Japan’s Supreme Court says Delaware limited partnerships are corporations for tax purposes

by Masao Yoshimura

The Supreme Court of Japan has ruled that Delaware limited partnerships should be classified as corporations for tax purposes and, as a result, the entities’ partners may not deduct the partnerships’ losses on their tax returns.

The case, decided July 17, is the first Supreme Court decision to establish criteria for foreign entity classification and is of great significance to tax planning for cross-border investment.

In the case, Japanese residents owned limited partnership interests in two partnerships arranged by Commerz Securities Japan that were established under the Delaware Revised Uniform Limited Partnership Act (DERULPA). Both partnerships invested US real estate.

The partners reported huge paper losses on their income taxes, claiming depreciation and other costs associated with the investments.

However, Japan’s National Tax Agency (NTA) contested the deductions, claiming that the limited partnerships should be treated as corporations whose losses cannot be directly allocated among the members for tax purposes.

The dispute reached the Supreme Court, which has agreed with the NTA, concluding that the Delaware partnerships at issue should be treated as corporations.

In reaching its decision, the Supreme Court noted that Japan’s Corporate Tax Act and (Individual) Income Tax Act do not provide a statutory definition of a foreign corporation.

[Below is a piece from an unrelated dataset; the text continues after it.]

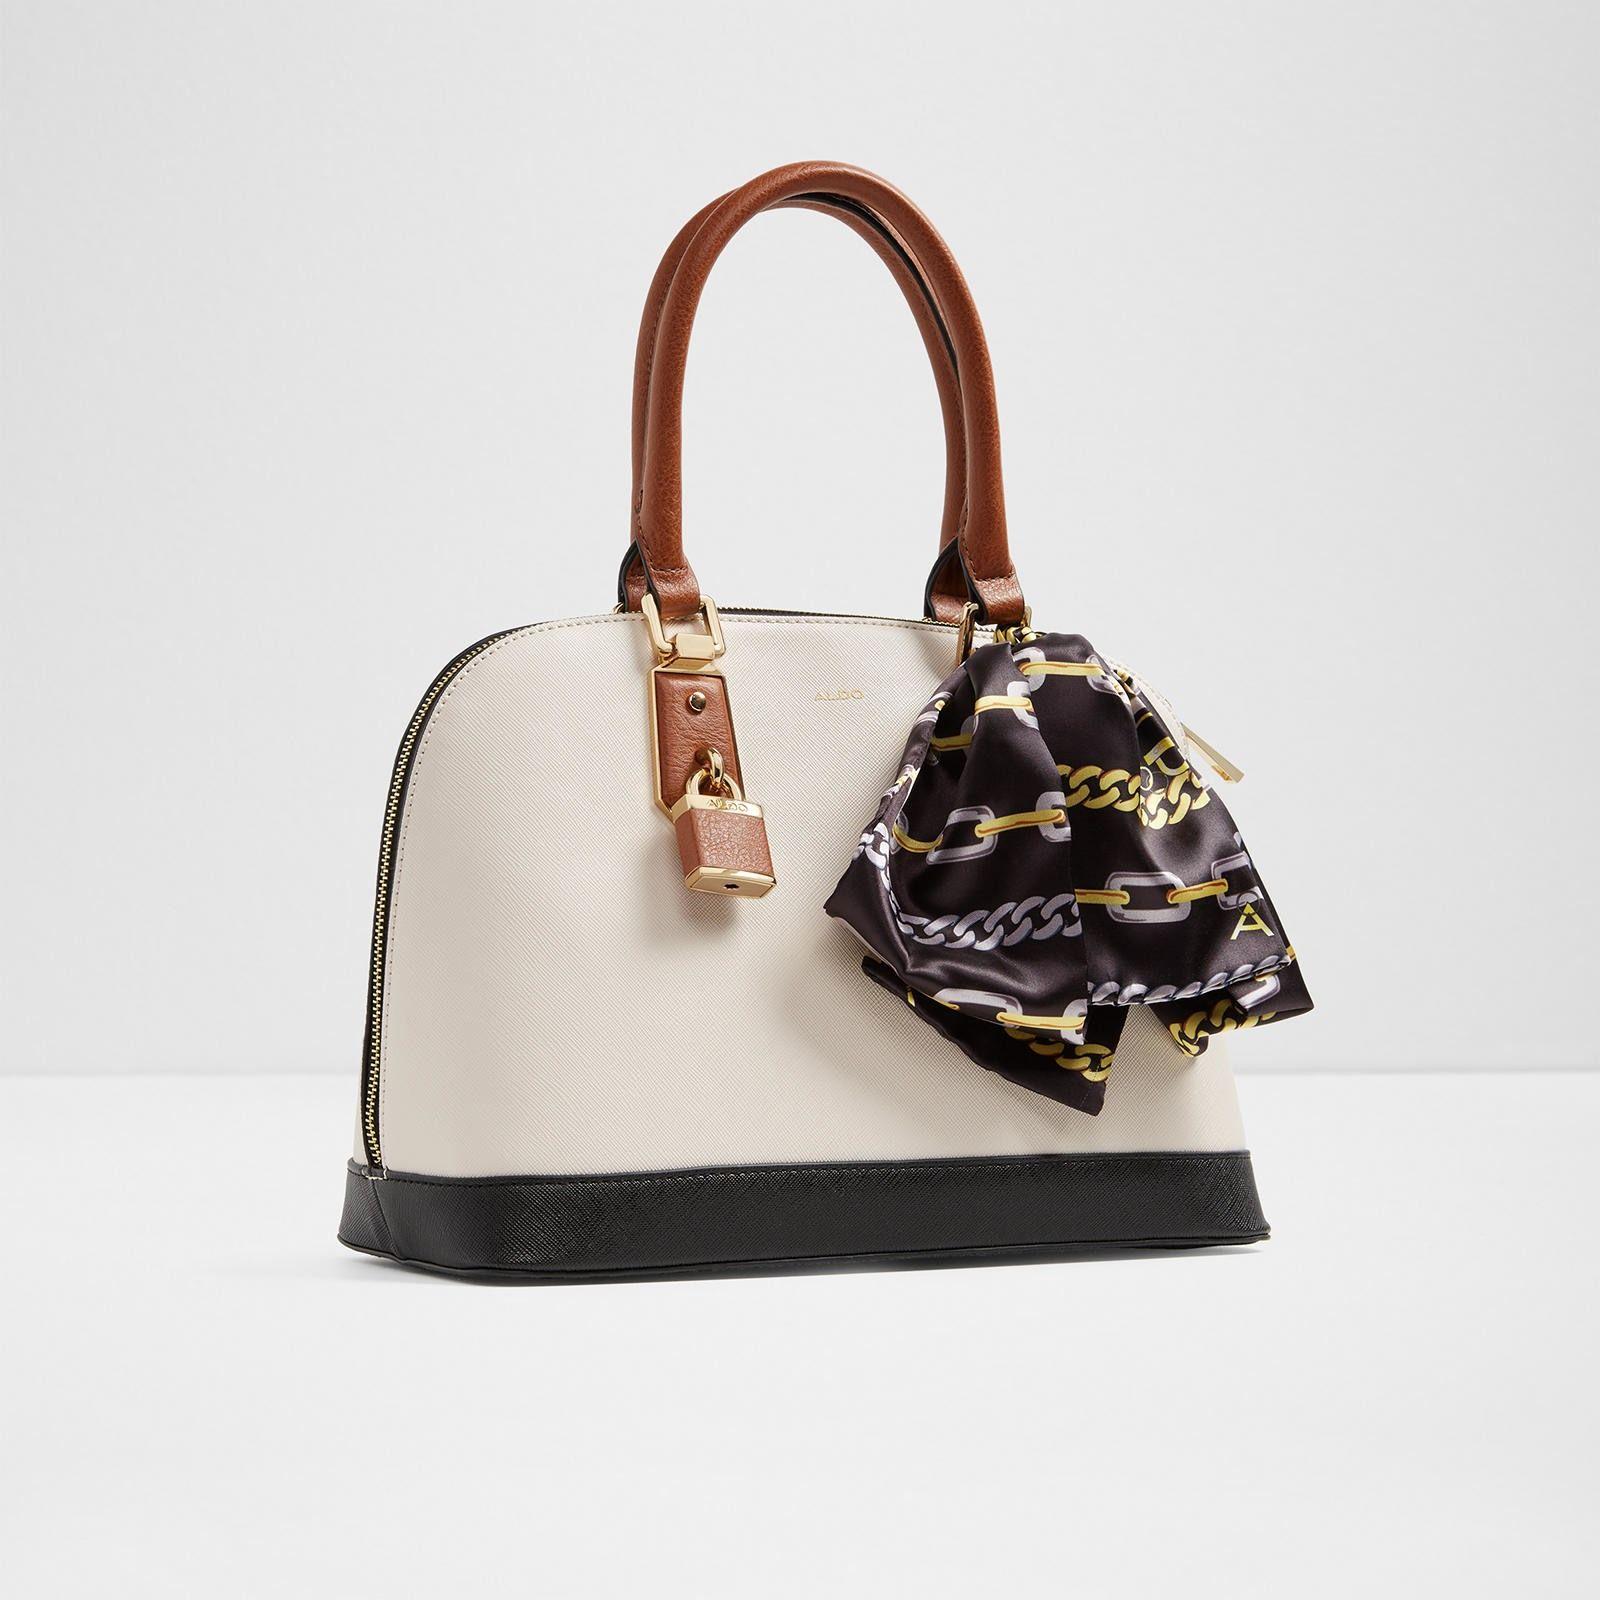 Handbags Aldo Canada Artofit

The Court said that to determine if an entity is a corporation, one must determine if the entity has the legal attributes of a separate taxpayer, focusing on the entity’s legal relationships and the rights and obligations associated with the entity’s activities.

The Court said first question is whether the entity is clearly defined by the law of incorporation as a corporation, or other type of body corporate equivalent to a Japanese corporation, or as just an aggregate of the members.

If the entity is clearly defined, the classification should be respected, the Court said.

Otherwise, the relevant test is whether the entity can separately have a proprietary interest in its assets and be liable for the debts and obligations incurred as a result of its legal acts under the law of incorporation, the Court said.

Applying these criteria, the Supreme Court noted that while DERULPA regards a limited partnership as a “separate legal entity” under sec. 201(b), no provisions define that as a “body corporate.” So, the Supreme Court did not find a clear definition for entity classification in DERULPA.

The Court then concluded that the Delaware partnerships should be treated as corporations because DERULPA provides, in section 106, that a limited partnership may exercise powers and privileges as are necessary or convenient to the conduct, promotion, or attainment of the business and because it further provides, in section 701, that a partner has no interest in specific partnership property.

— Masao Yoshimura is an Associate Professor of Tax Law at Hitotsubashi University’s Graduate School of International Corporate Strategy in Tokyo, Japan, where he focuses on corporate and international tax.